As you can see by the image above, this particular bottle I’m writing of is from Batch 1, in the days of Amrut’s big coffin box presentation.  Nowadays these releases come in a much more modest and compact presentation.  I’ve yet to try the newer batches, but if you can find one of these originals (limited to just a couple hundred bottles) do grab one.  If not…no worries…this is a distillery which is very dependable in terms of consistency.  I’m sure the newer editions are also likely spot on.

Nose:  Rich and spicy.  Cinnamon, nutmeg and butter.  Marzipan.  Melon.  Cantaloupe.  Cocoa.  Clove.  Orange oil.  Grape.  Spicy bread.  A sort of savoury note.  Putty.  A little bit of a wine note here, I think.

Palate:  Apple in caramel and cinnamon.  Bread.  Anise.  Big syrupy delivery and smooth development.  Creamy toffee and a molasses bitterness.  Over ripe fruits.  More chocolate.  Fruit leather.  Quite drying.  Apples on the finish.

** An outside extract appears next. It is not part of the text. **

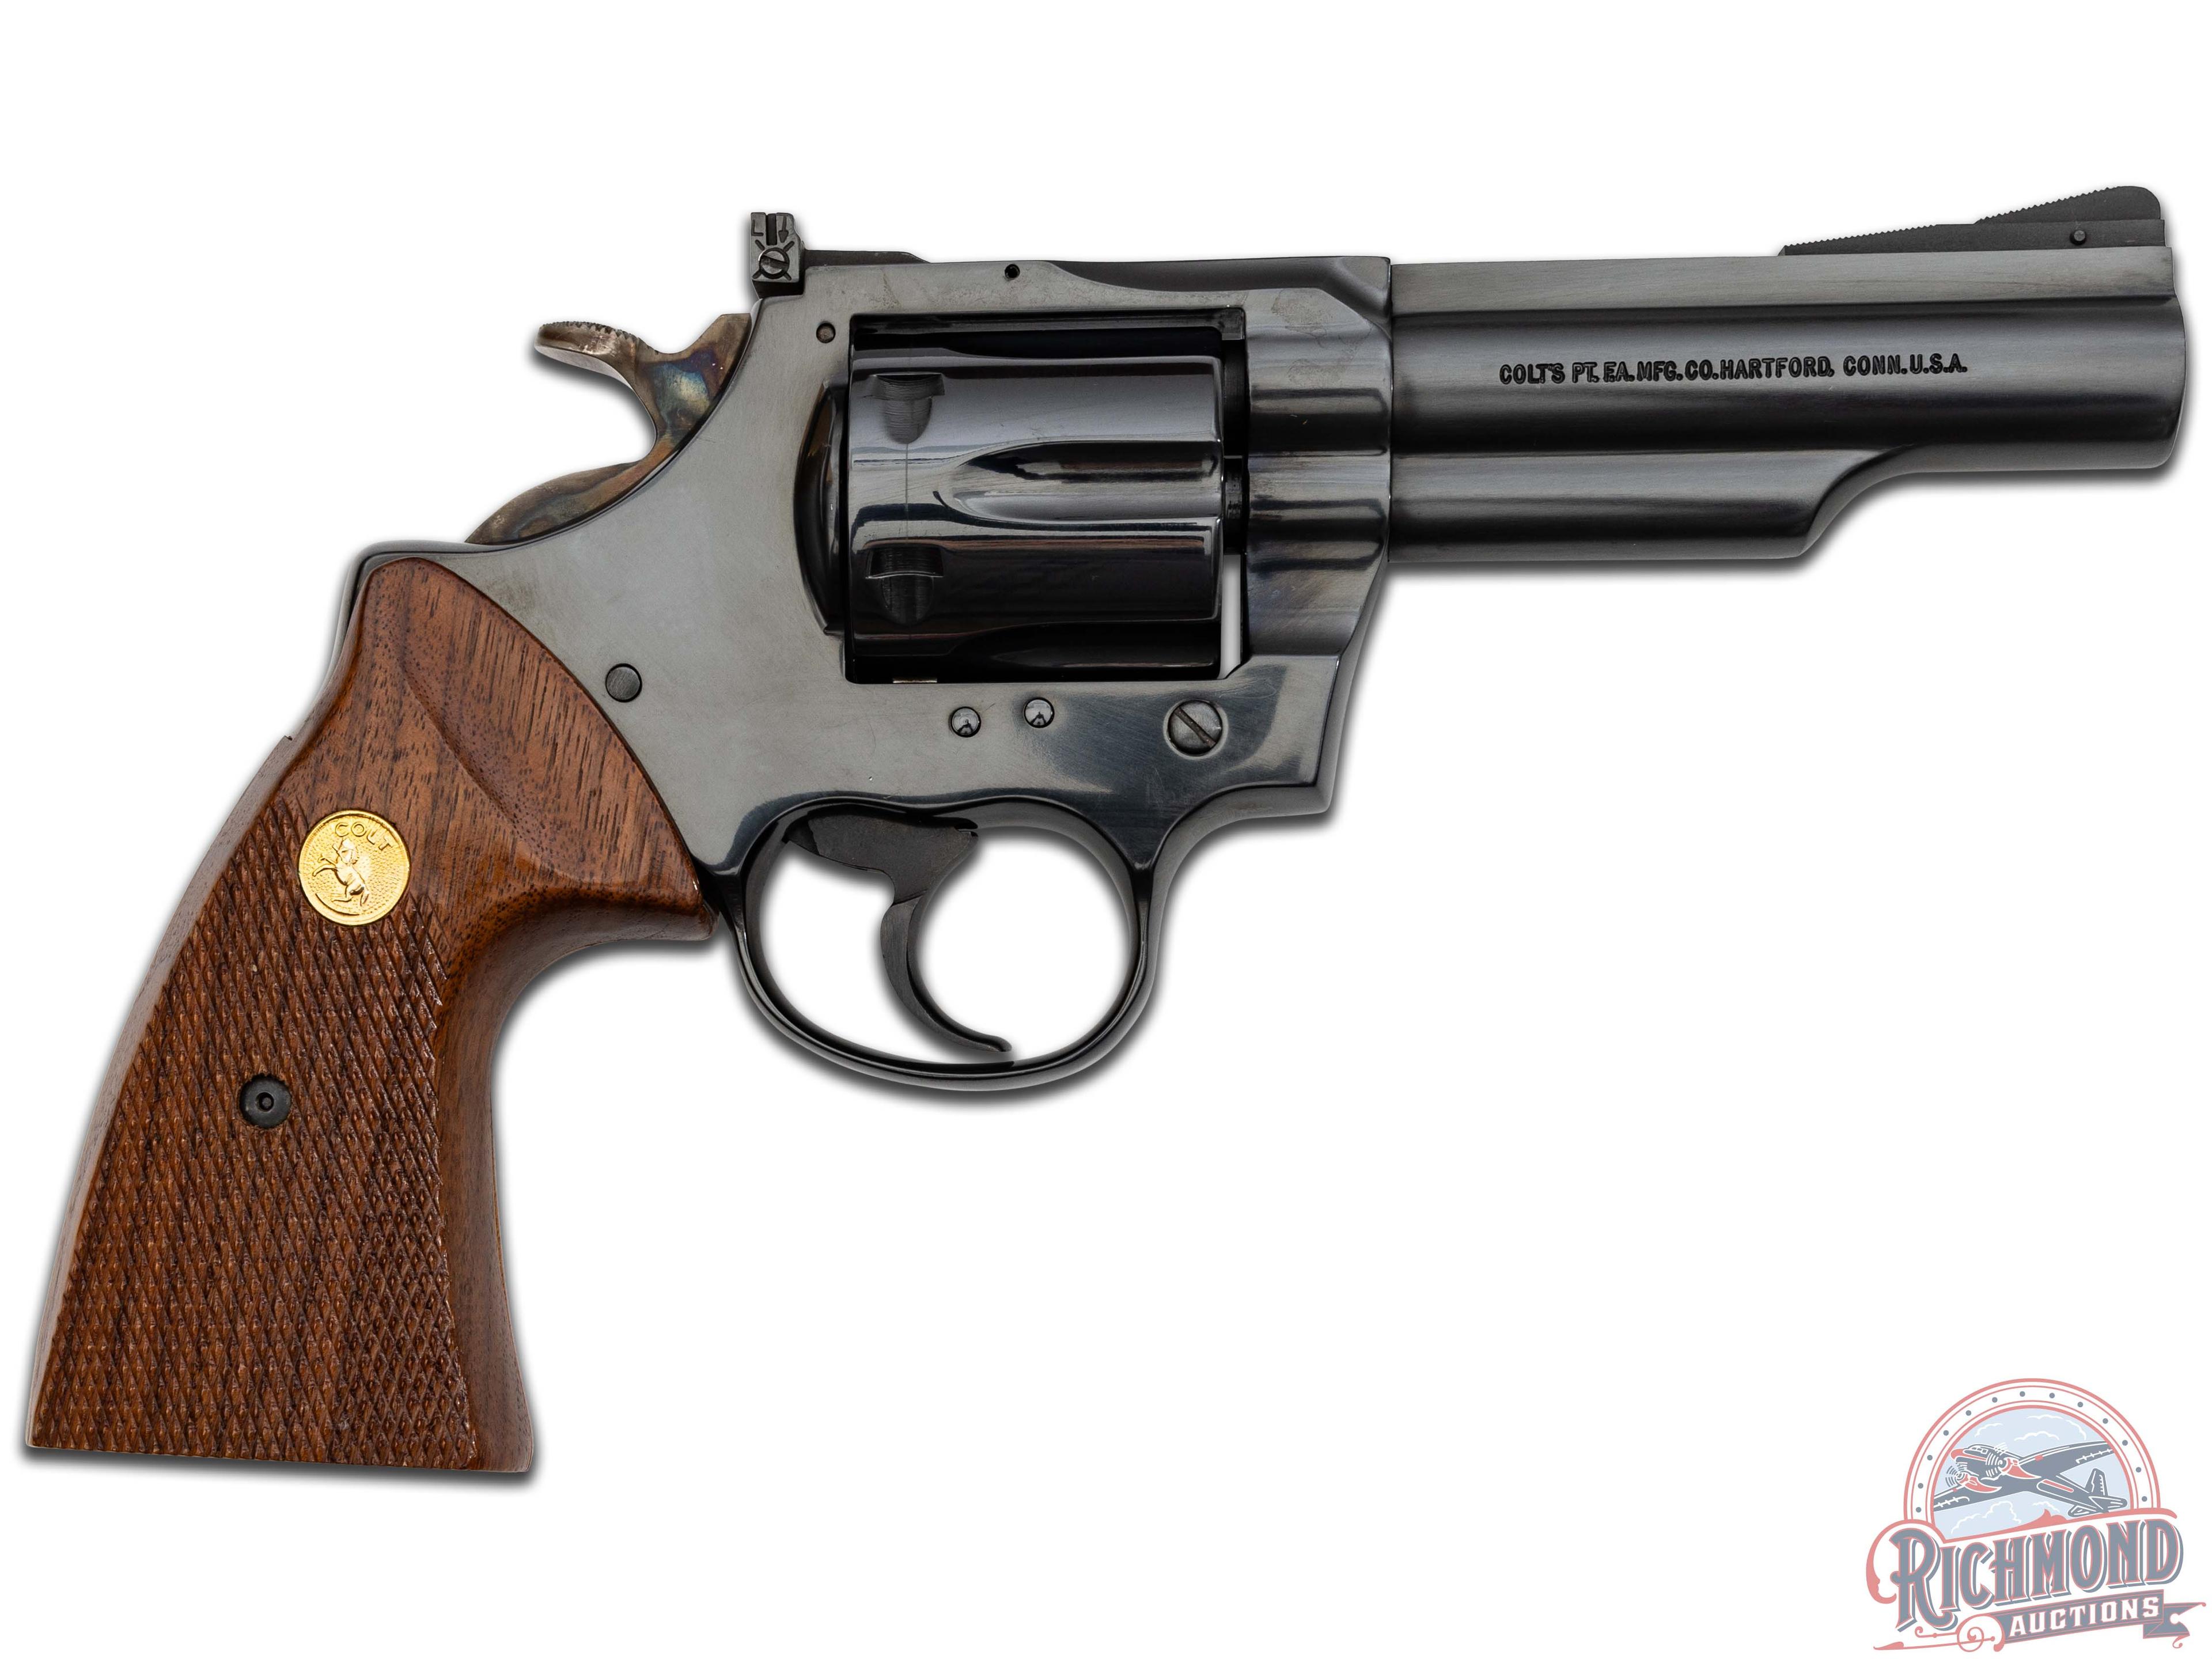 1979 Colt Trooper MK III .22 LR 4" Blued Double Action Revolver in Original Box
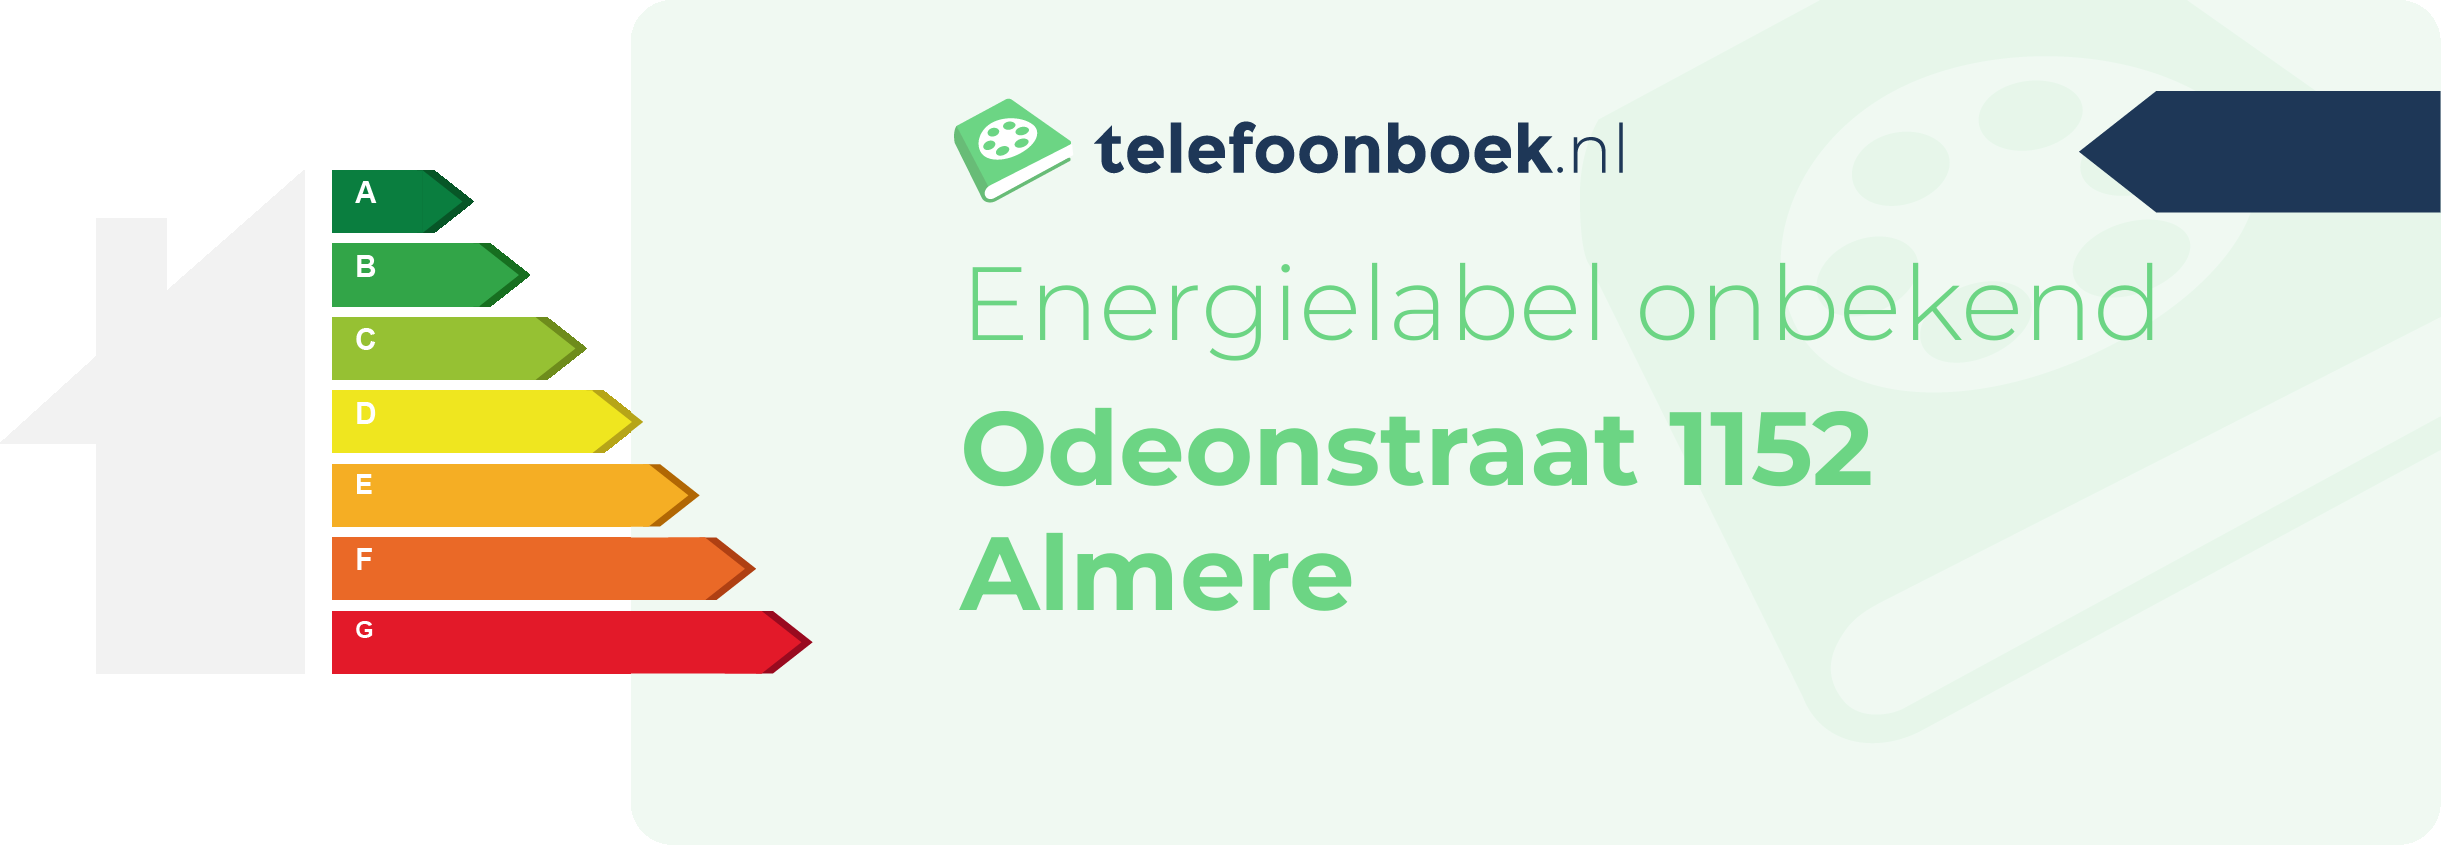 Energielabel Odeonstraat 1152 Almere

Thoughts & Impressions:  Very well-composed.  The way this one unfolds is quite magic.  If you sit back and think about it, knowing what sort of casks are at play here, you can actually see the influence of all in the finished product.  Quite neat.  Speaks volumes to the skill of Amrut’s blender(s).  

 

– Reviewed by:  Curt

– Photo:  Curt

Pig’s Nose Review

Pig’s Nose180

40% abv

Score:  71/100

 

There’ve been an awful lot of ‘highs’ in my recent tasting days.  How ’bout we tackle another ‘low’ just to add a little perspective.

You’ve all heard the expression ‘putting lipstick on a pig’, right?  It means simply that no matter how you dress it up, ultimately it’s still a pig.  Hate to say it, but it’s incredibly apt just how well this little analogy applies to Pig’s Nose Scotch Whisky.  The marketing tied to this one says the name comes from the idea that their whisky is as smooth as a pig’s nose.  I’ve touched a pig or two in my time (cue bad jokes) but this is nothing like that.  This is more like the bristles on a warthog.

To be fair, this is a blend, and a cheap one at that.  I wasn’t expecting anything magic here, but I was hoping for something a little smoother.  After all…Sheep Dip (from the same makers) has been really good in the past.  With Pig’s Nose, however, I can only assume a mashbill that contains a hefty grain to malt ratio.  I read a while back something about this having been built on 40% malt, but I don’t buy it.  This whisky seems to be heftily propped up by neutral grain spirit.  There’s a very prevalent alcohol bite that’s not even a bit pleasant.  This needs much more cask time to smooth out some wrinkles.  At a mere five years old this never should have hit the shelves.  Also…it really is boring as fuck.

I should note…I found out after tasting this one that it was put together by the ‘legendary’ Richard Paterson.  I’ll say no more.

Nose:  Waaaaaaaaay too young.  The composition isn’t all that bad, you can tell already, but this is so underdeveloped as to be almost unpleasant.  Tack on a bunch more years of maturation and you might have something here.  Caramel and perfume-like floral notes.  A touch of sugar cookies met with putty and a light dusting spice.  Cinnamon Toast Crunch cereal in milk.  A touch of cheap chocolate and malt.  Barest hint of smoke…almost weedy smoke.  I’ll assume some Islay content (most likely Caol Ila, of course) because of it.

Palate:  Vodka.  Seriously.  Harsh and alcoholic.  With burnt caramel (and far too much of it) and sharp, dry, tannic oak.  Again kinda malty and rich in faux chocolate.  Bit of a shudder.  Faint, faint green apple on fade.

Thoughts:  Points for having the nuts to state right up front this is a five year old.  More whisky maker’s should be so forthright to not hide behind the ‘NAS’ option.